## YOUR OBJECTIVE
Set down exactly, from the records below, the line with "Size: 16.5x4.5 mm" through the line with "Clarity: Transparent with", and nothing else.

## GIVEN DATA
---

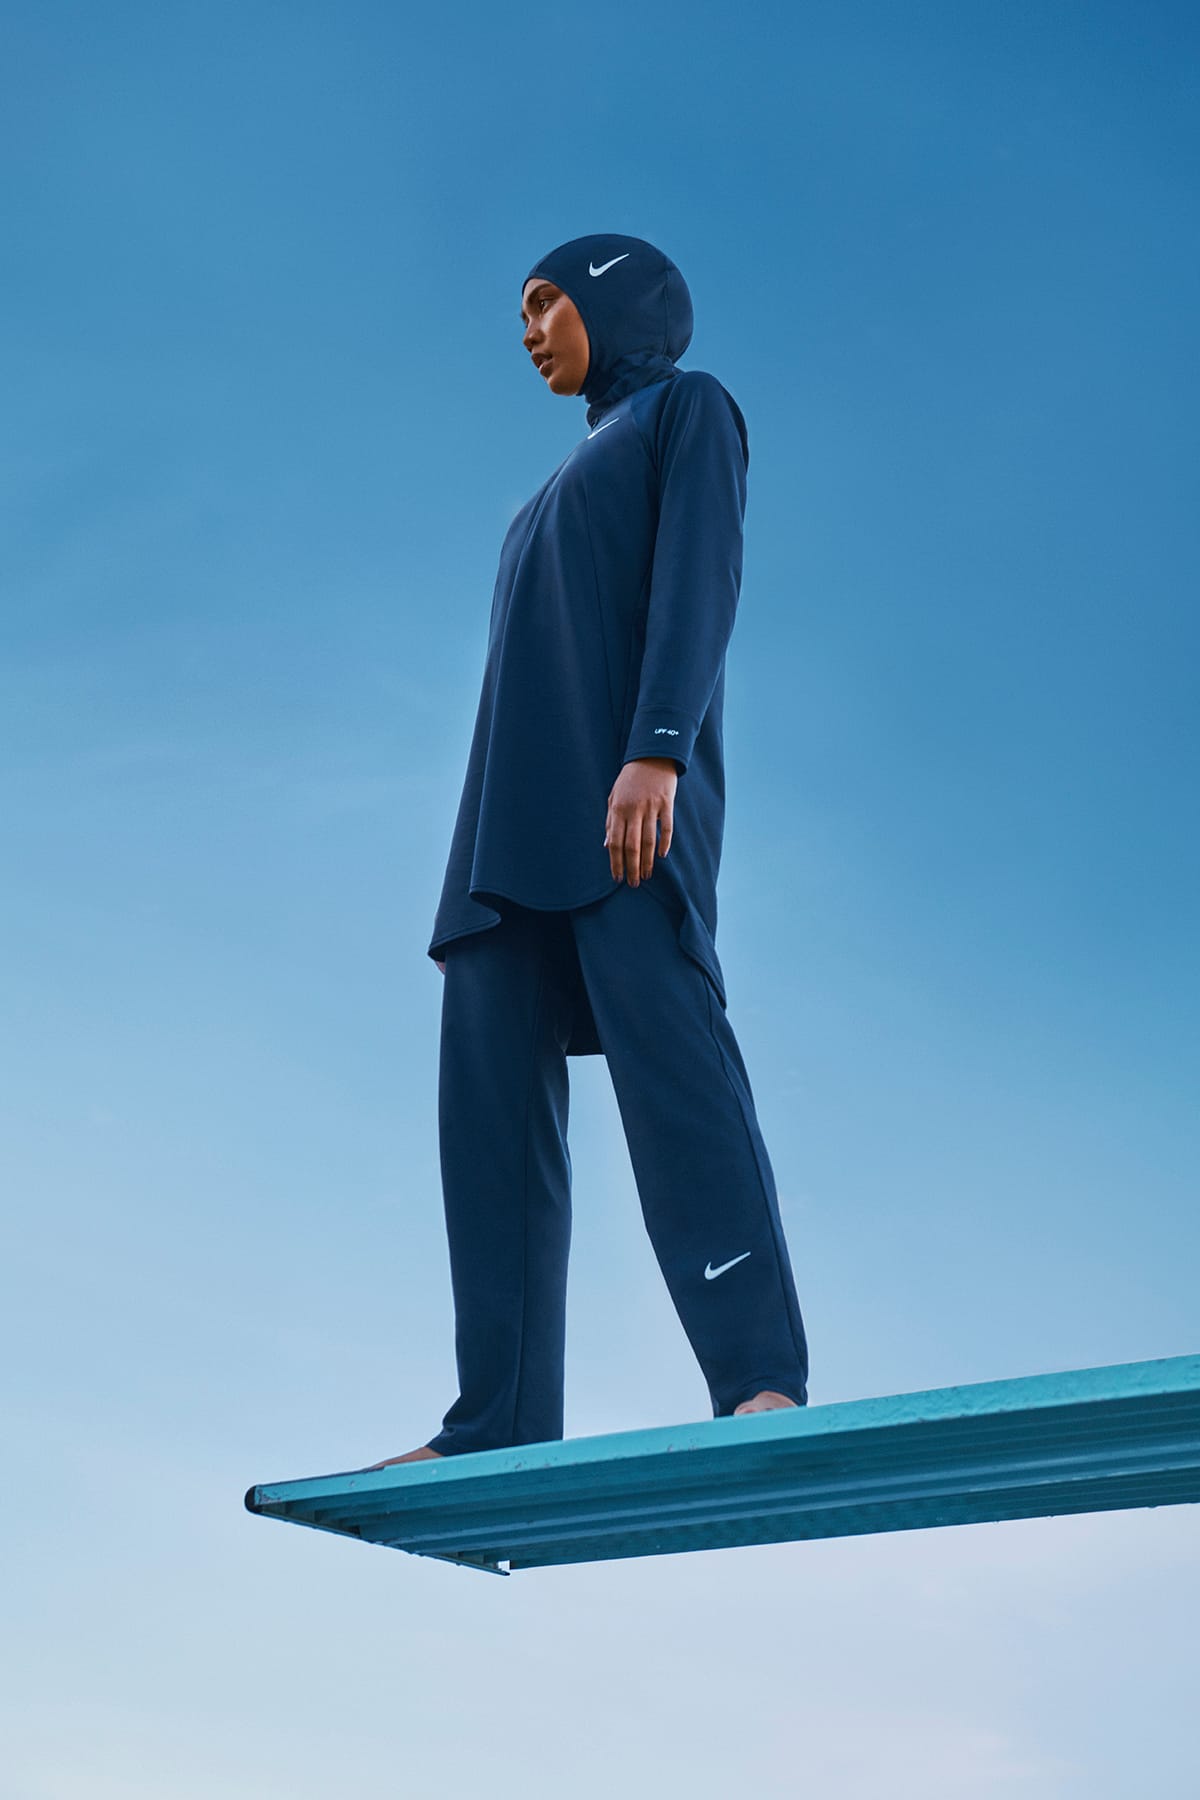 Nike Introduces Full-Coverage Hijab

---

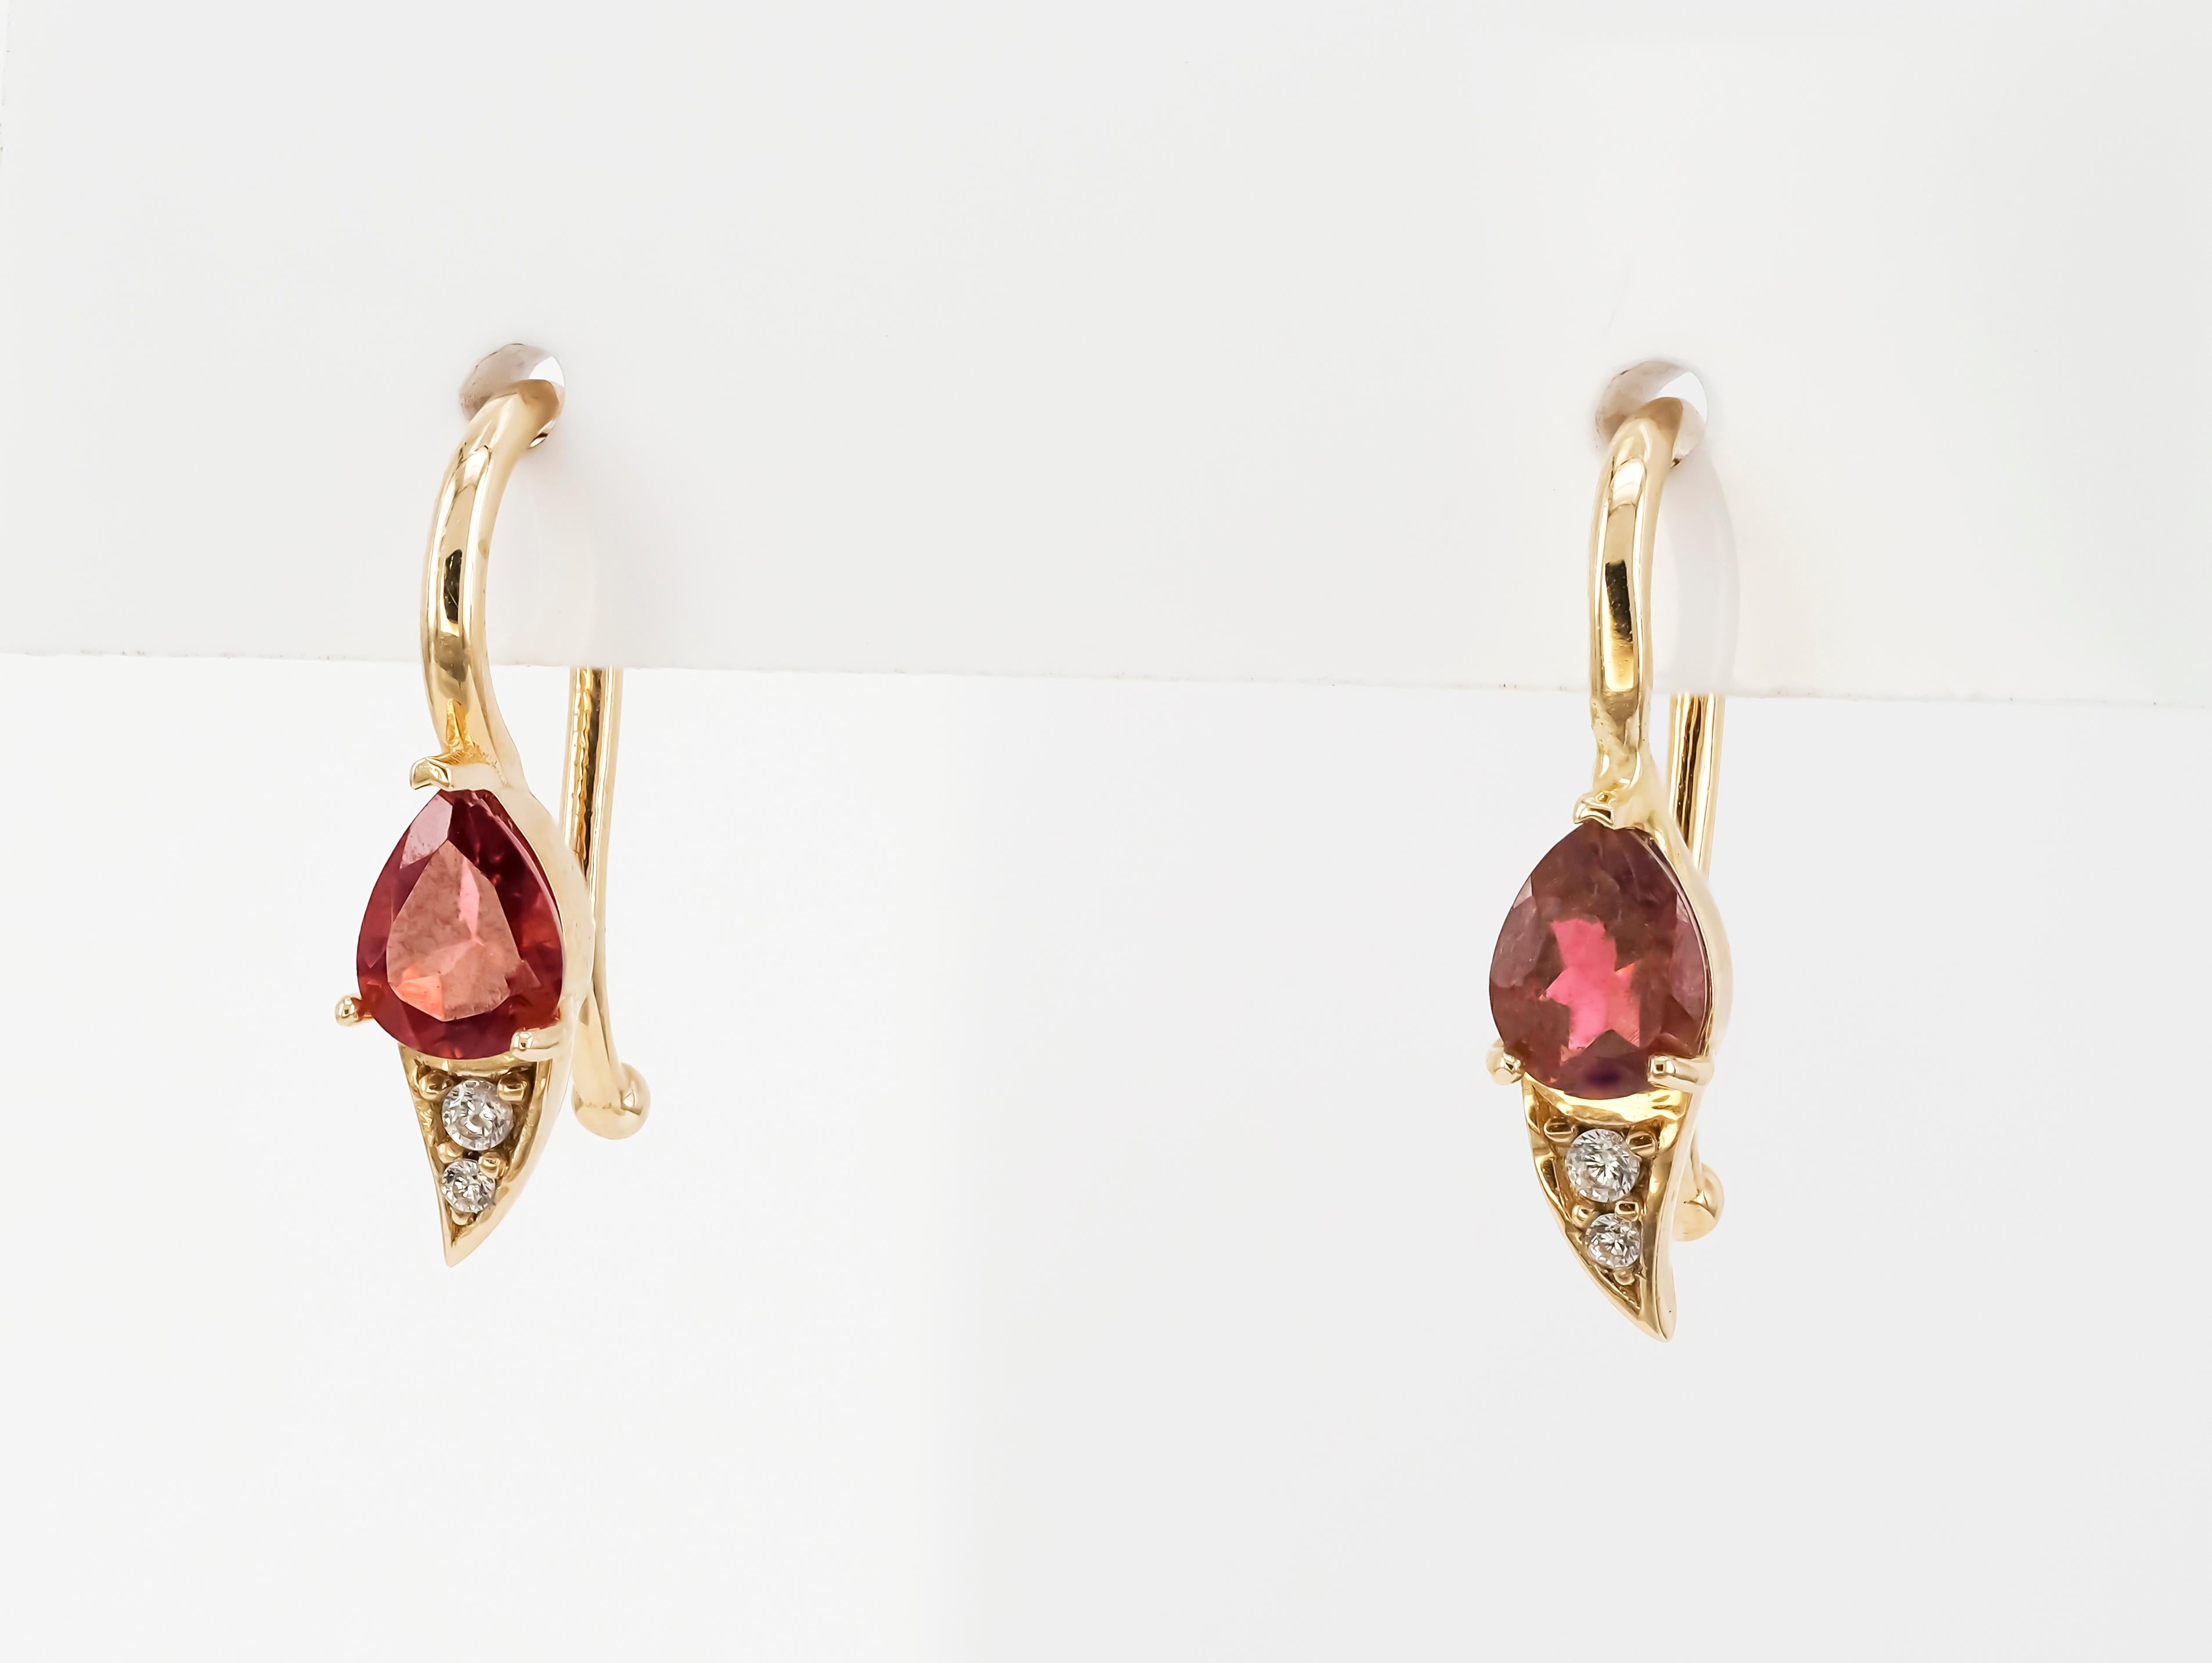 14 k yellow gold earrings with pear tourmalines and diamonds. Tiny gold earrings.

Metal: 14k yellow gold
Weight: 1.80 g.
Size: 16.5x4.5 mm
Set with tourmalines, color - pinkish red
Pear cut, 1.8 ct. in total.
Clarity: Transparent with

---

## YOUR SOLUTION
Size: 16.5x4.5 mm
Set with tourmalines, color - pinkish red
Pear cut, 1.8 ct. in total.
Clarity: Transparent with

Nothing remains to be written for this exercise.